Tax question is the simplest. If you're resident in Spain you'll be taxed on your worldwide income by Spain. If you have non Spanish income then you need to check the tax treaties.

Usually those types of visas have a minimum investment. That means if it's 500K you need to invest €500k. I assume you could leverage that with a mortgage but you'd still need at least (not the at least) €500k.


----------



## f13dfx (Dec 11, 2019)

Has anyone here ever used my AirBnb model as a means to acquire a Golden Visa?


----------



## f13dfx (Dec 11, 2019)

Hello again! This COVID-19 crisis has delayed our plans a bit. Wanting to revive my question about the Golden Visa, which is available to Canadian citizens for a minimum investment of €500,000 on real estate property.

Are there any people here that have done residency via this Golden Visa route? I've gotten advice from a Stuart a YouTuber who does living in Spaint videos saying that banks like Santander sell property & are more willing to deal with foreigners this way. I've checked their Altamira website which have a lot of what seems like undervalued property. What I want to know is if all these properties are repossessions? Could you actually buy a property that if properly assessed would reach that €500,000 threshold?


----------



## xabiaxica (Jun 23, 2009)

f13dfx said:


> Hello again! This COVID-19 crisis has delayed our plans a bit. Wanting to revive my question about the Golden Visa, which is available to Canadian citizens for a minimum investment of €500,000 on real estate property.
> 
> Are there any people here that have done residency via this Golden Visa route? I've gotten advice from a Stuart a YouTuber who does living in Spaint videos saying that banks like Santander sell property & are more willing to deal with foreigners this way. I've checked their Altamira website which have a lot of what seems like undervalued property. What I want to know is if all these properties are repossessions? Could you actually buy a property that if properly assessed would reach that €500,000 threshold?

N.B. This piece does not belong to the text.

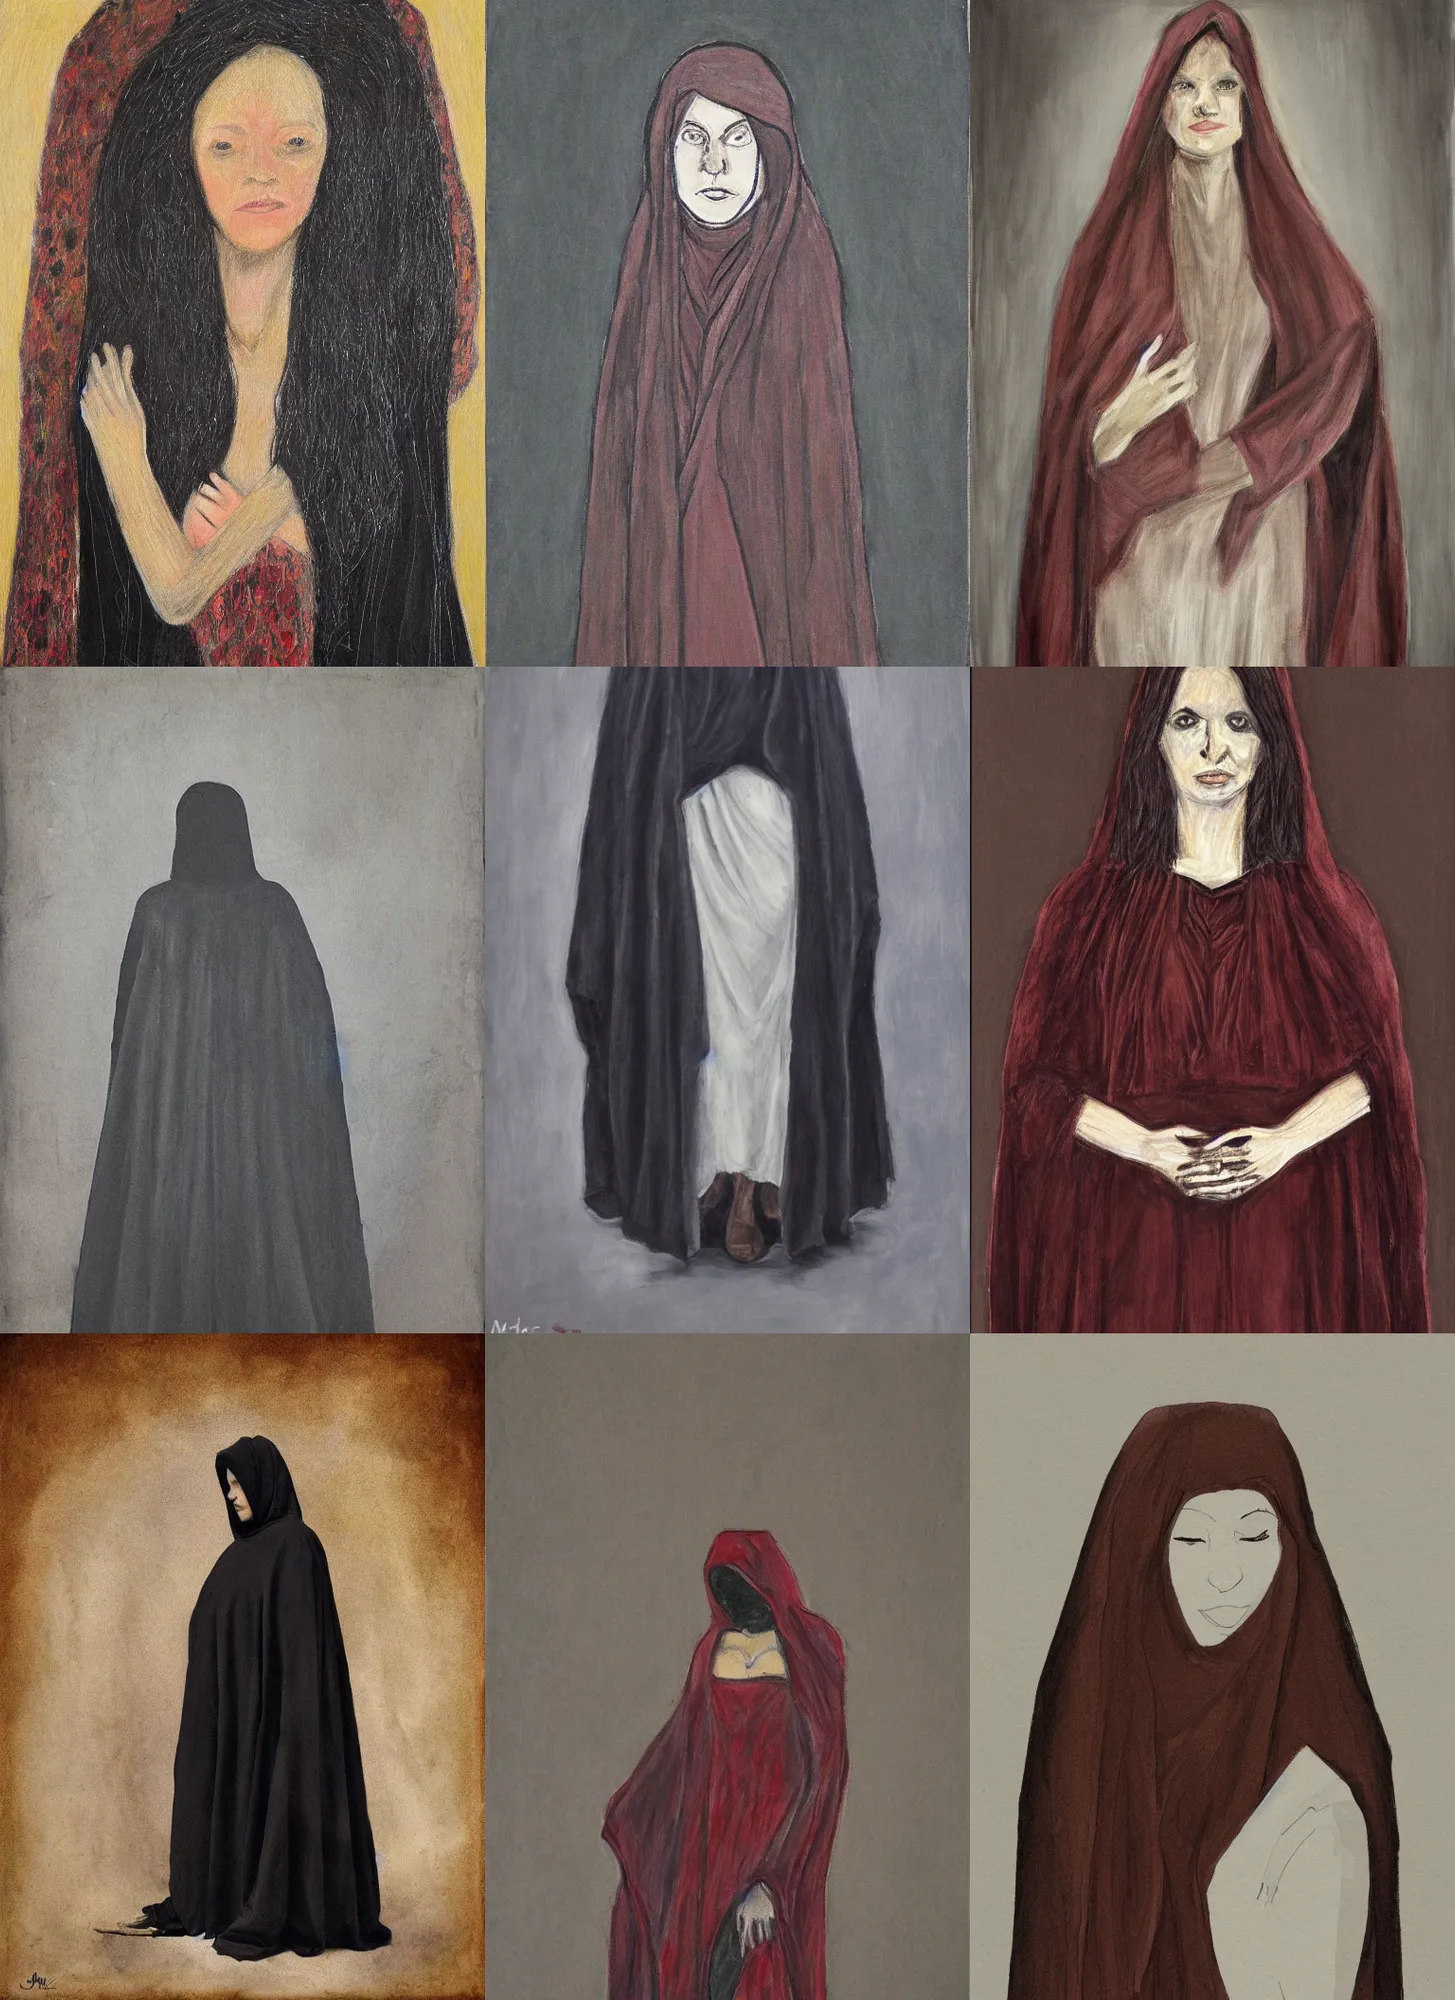 Prompt: full body portrait of woman with cloak by melanie delon, dark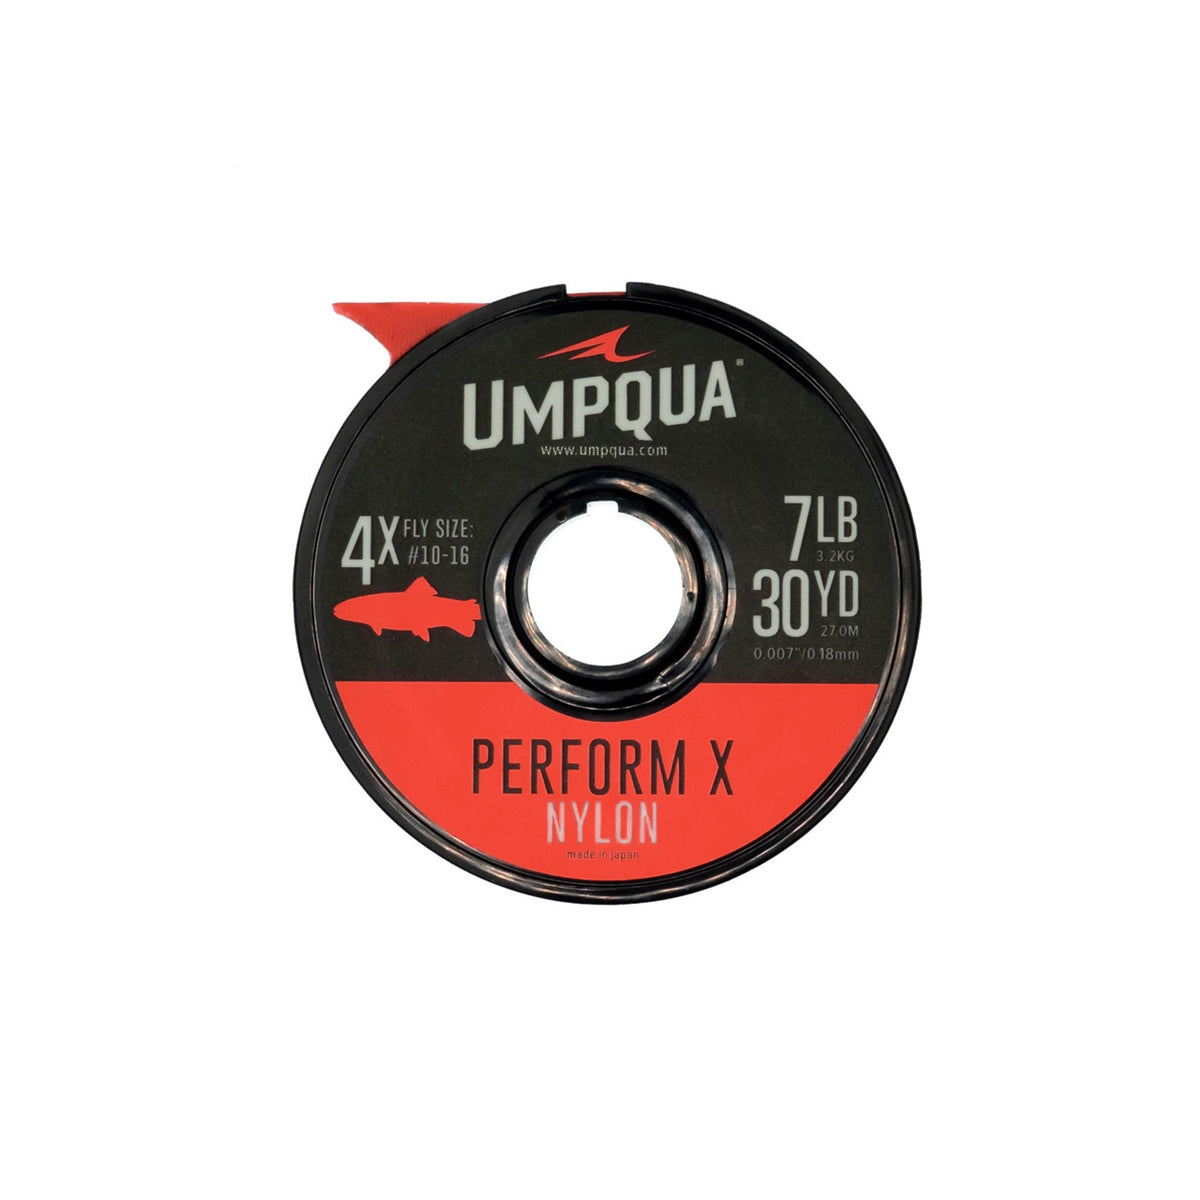 Umpqua Perform x Trout Nylon Tippet 100yds - 5X

It doesn't matter what the valuation of the property is, it's what you actually spend that counts for the visa

You have to spend a minimum of 500.000€ cash.


----------



## Catalunya22 (Apr 25, 2020)

From my experience (others may disagree) the Altamira website only has properties that are in a bad state of disrepair, or are difficult to sell for some other reason....could be that they are not fully watertight legal wise, in a bad area etc....Be careful.


----------



## f13dfx (Dec 11, 2019)

Thank you for all your insights. Now I have a clearer picture. I don't think I'll be going for the Golden Visa. I will be applying for the Non-Lucrative Visa for now as I am able to meet all the requirements.


----------



## f13dfx (Dec 11, 2019)

Seems to me that this is a predominantly British expat forum. Looking for Canadians that have moved to Spain & achieved permanent residence. Don't want to go the Golden Visa route & wanted some advice on the Non-Lucrative Visa. Going to be retiring next year & selling our residence in Canada. I know that one has to prove continuous residence for 5 years in Spain, but all the other details I'm not clear about.


----------



## kalohi (May 6, 2012)

I'm American with permanent residency. What are your questions? 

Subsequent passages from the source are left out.